Figure 1Genomic approaches to ncRNA identification. Both the traditional laboratory approach and the more recent high-throughput sequencing approach begin with the isolation of total RNA from culture, followed by size selection of the RNA by excising a given band from a polyacrylamide gel. Under the traditional approach the excised RNA is cloned then sequenced by Sanger Sequencing to obtain candidate miRNA sequences. With High-throughput sequencing the RNA is sequenced directly without cloning and bioinformatics is used to select the best candidates. Computational approaches do not begin with biological samples but instead use mathematical models based on known ncRNAs to search an already sequenced genome. Both the traditional and computational approaches require that candidate gene expression be confirmed by additional laboratory work. Key: Molecular biology stages are represented by the flask icon. All other stages use RNA genomic and bioinformatics procedures.
Figure 2A general approach for using high-throughput sequencing data to search for small and larger ncRNAs. Total RNA can contain ncRNA sequences of different sizes. Small ncRNAs such as miRNAs and siRNAs will produce data containing the ncRNA sequence plus adaptor sequence. Once the adaptor is trimmed off, the sequence is ready for mapping and further genomics. When longer ncRNAs are sequenced, they are fragmented to a predetermined size by the sequencing process. After sequencing they can be assembled by mapping (see text) into their longer sequences. This approach was successfully used for the analysis of ncRNAs from Giardia lamblia (see text for details).
Figure 3ncRNAs processes characterized in . Giardia has two nuclei which appear identical and replicate at the same time and all of the processes within Transcription, RNP Biogenesis, Transcriptional regulation, and Core RNA processing could be expected to be found in both nuclei.
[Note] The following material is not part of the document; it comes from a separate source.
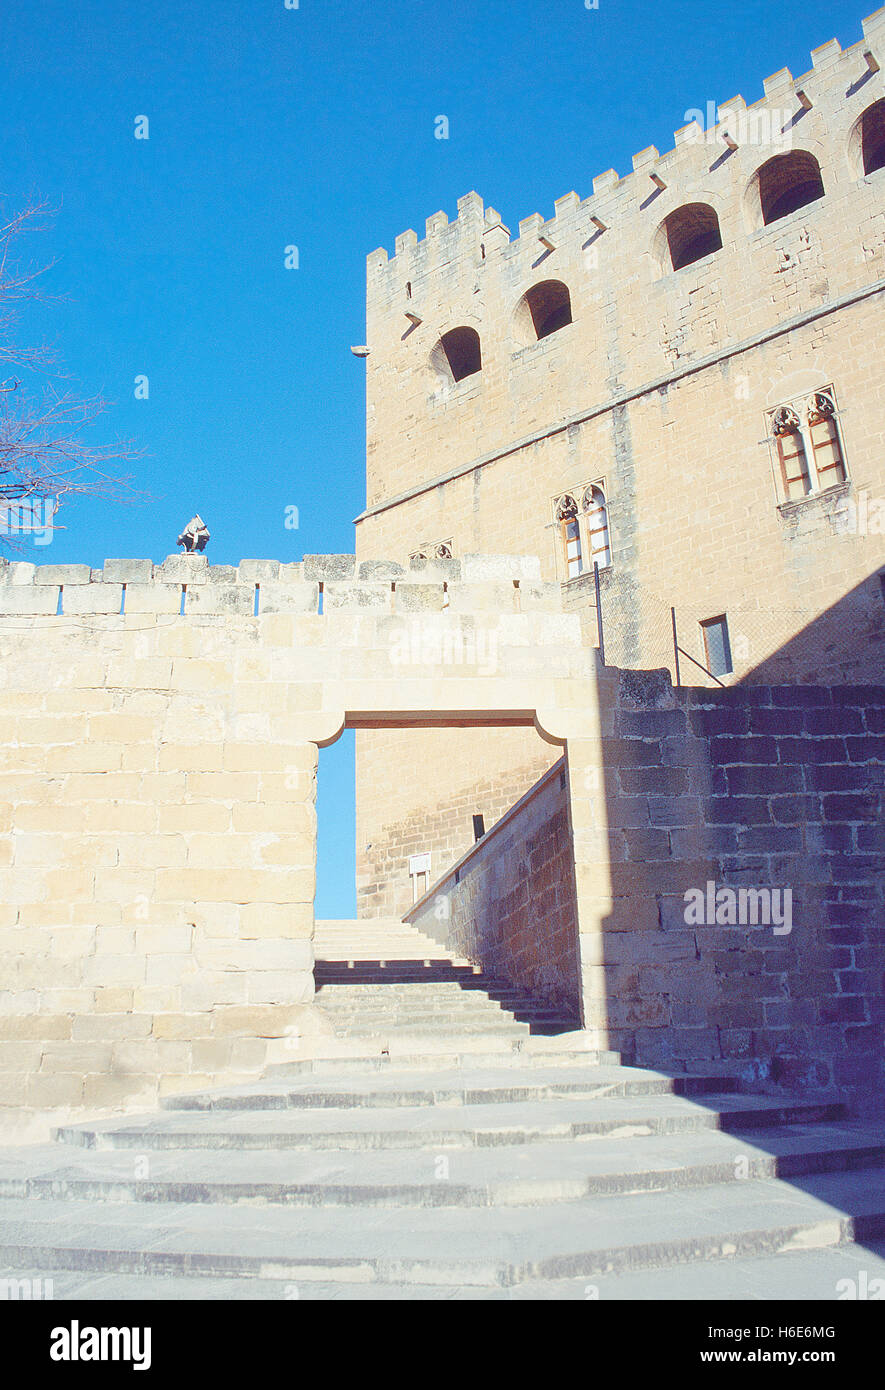 Entrance to the castle. Valderrobres, Teruel province, Aragon, Spain. Stock Photo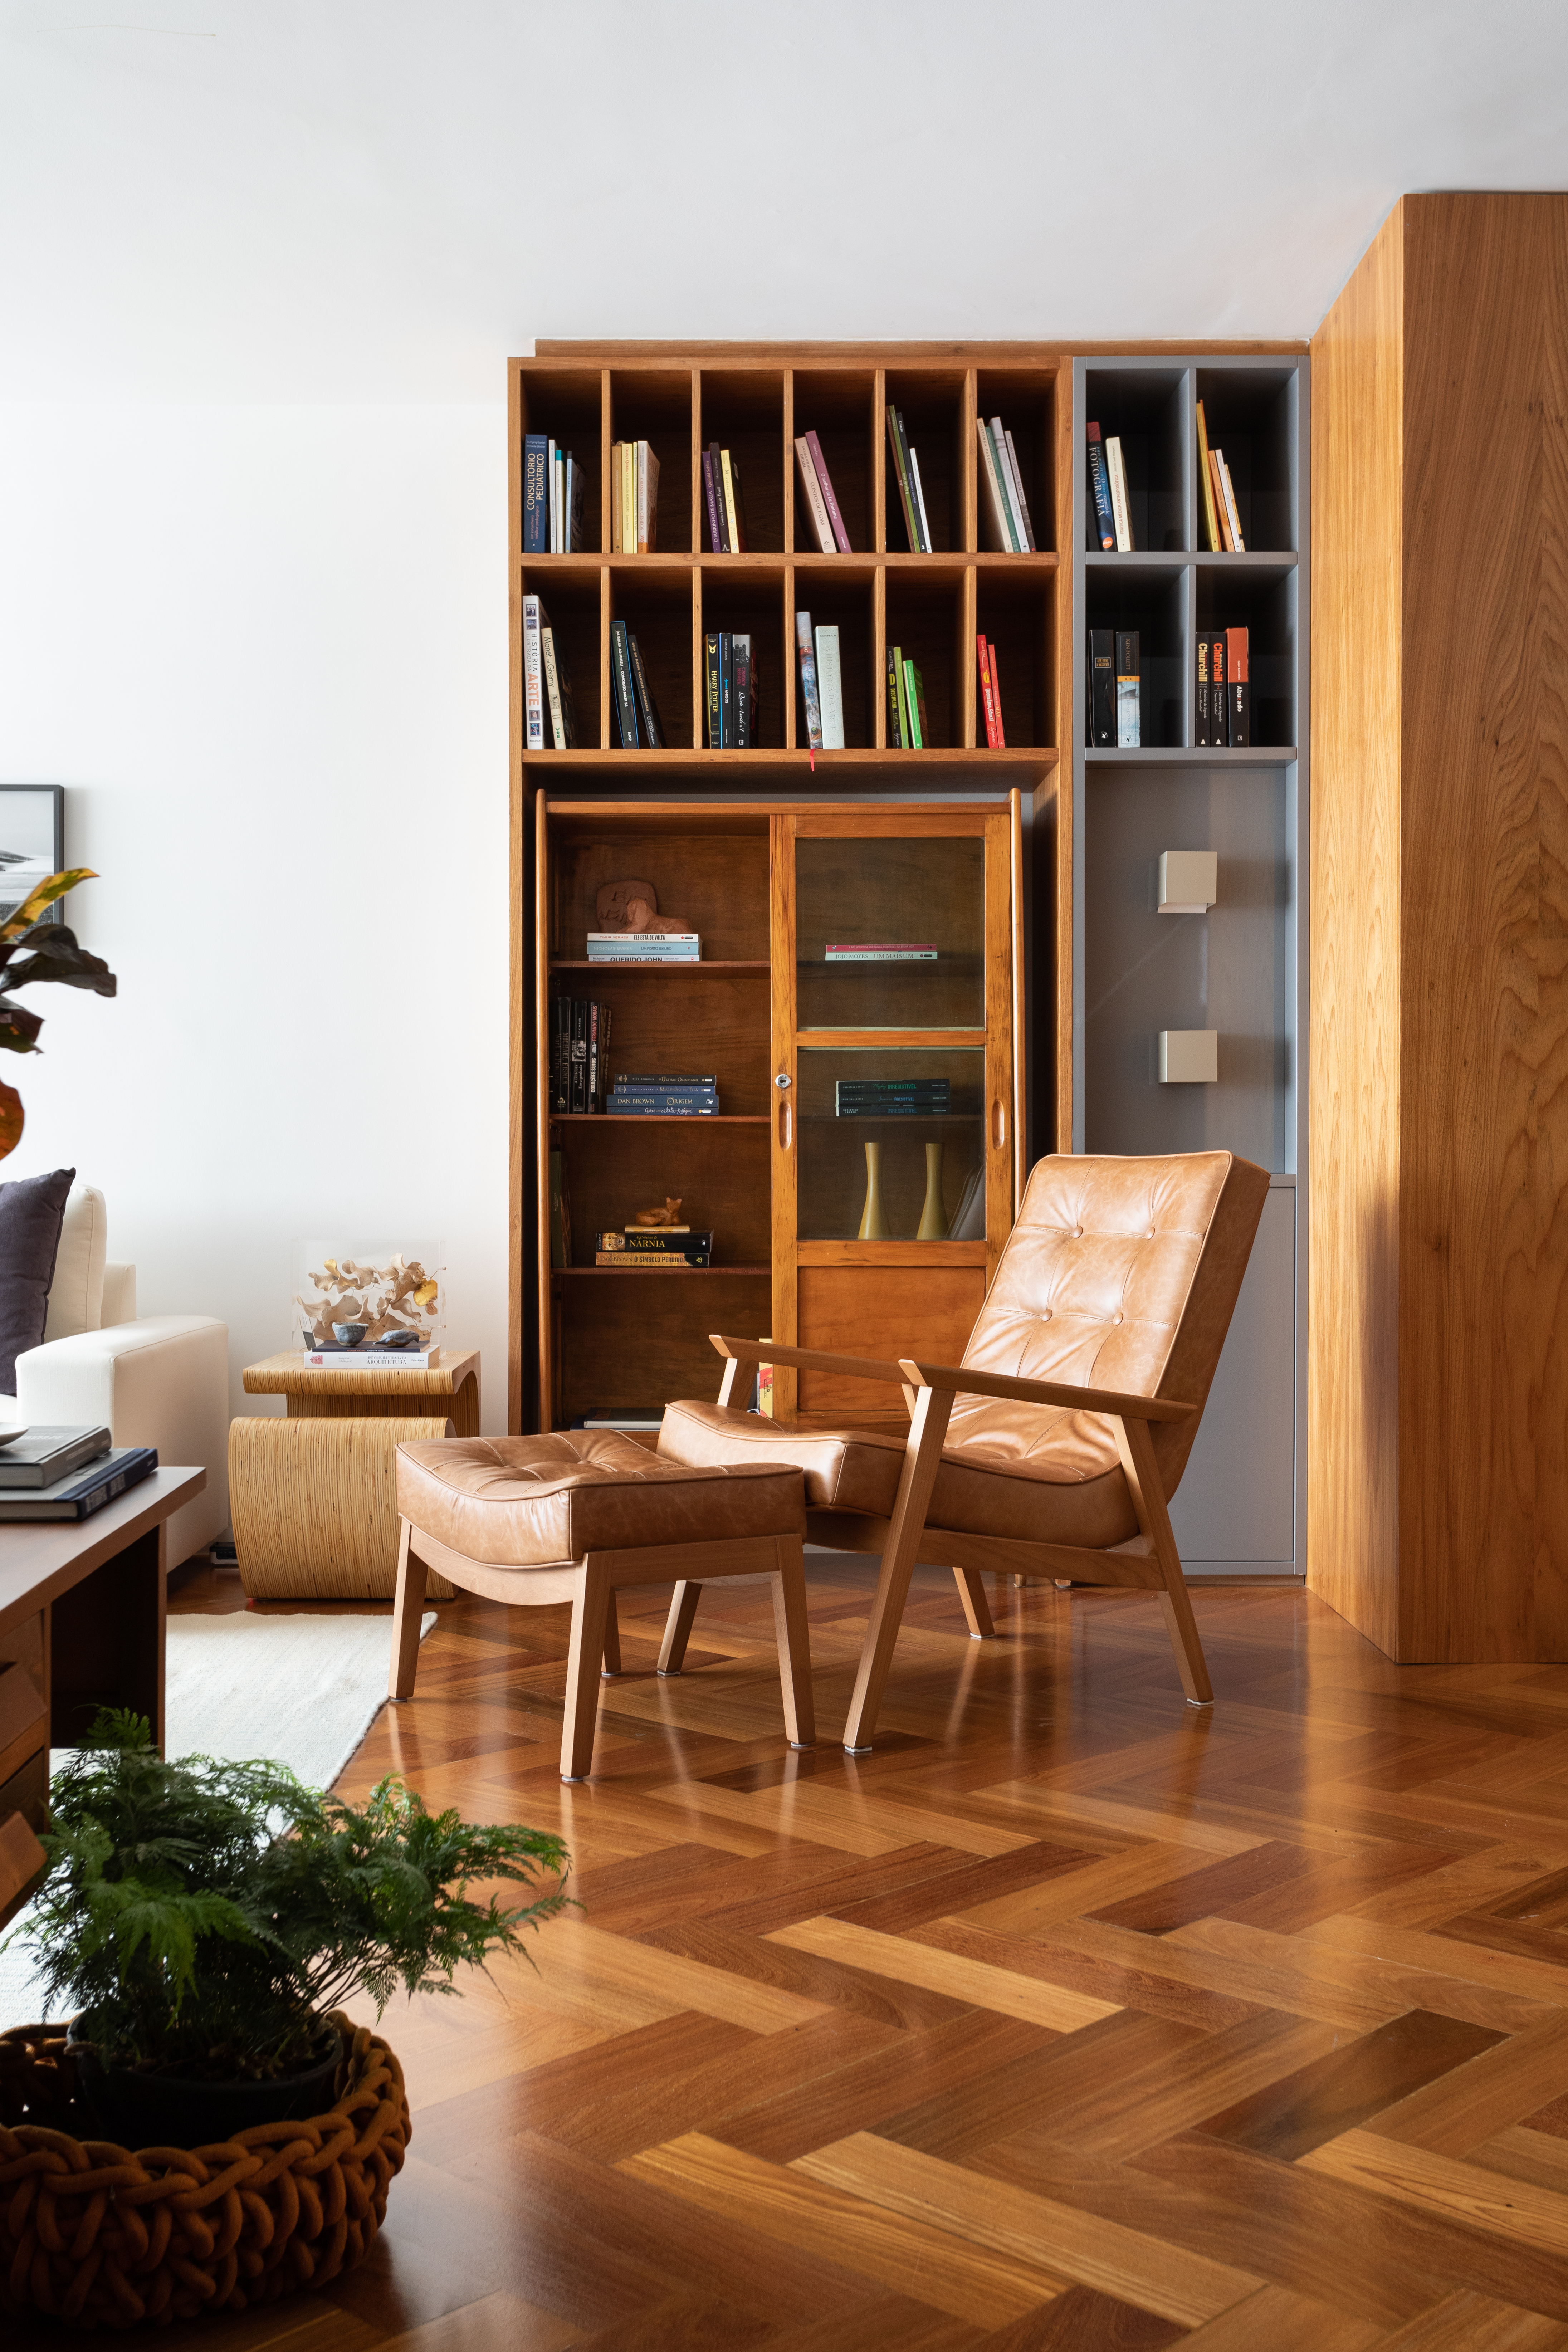 Projeto de Vivi Cirello. Na foto, sala com estante de madeira vintage e poltrona de couro marrom.

RNAi may also be important in viral defense since some siRNAs found in high-throughput sequencing do map to the stable Giardiavirus (unpublished results). It is not known yet whether Giardia has RNA storage granules but their presence in Trypanosoma does not preclude them here. A similar diagram can be visualized for Trichomonas except that it only has one nucleus.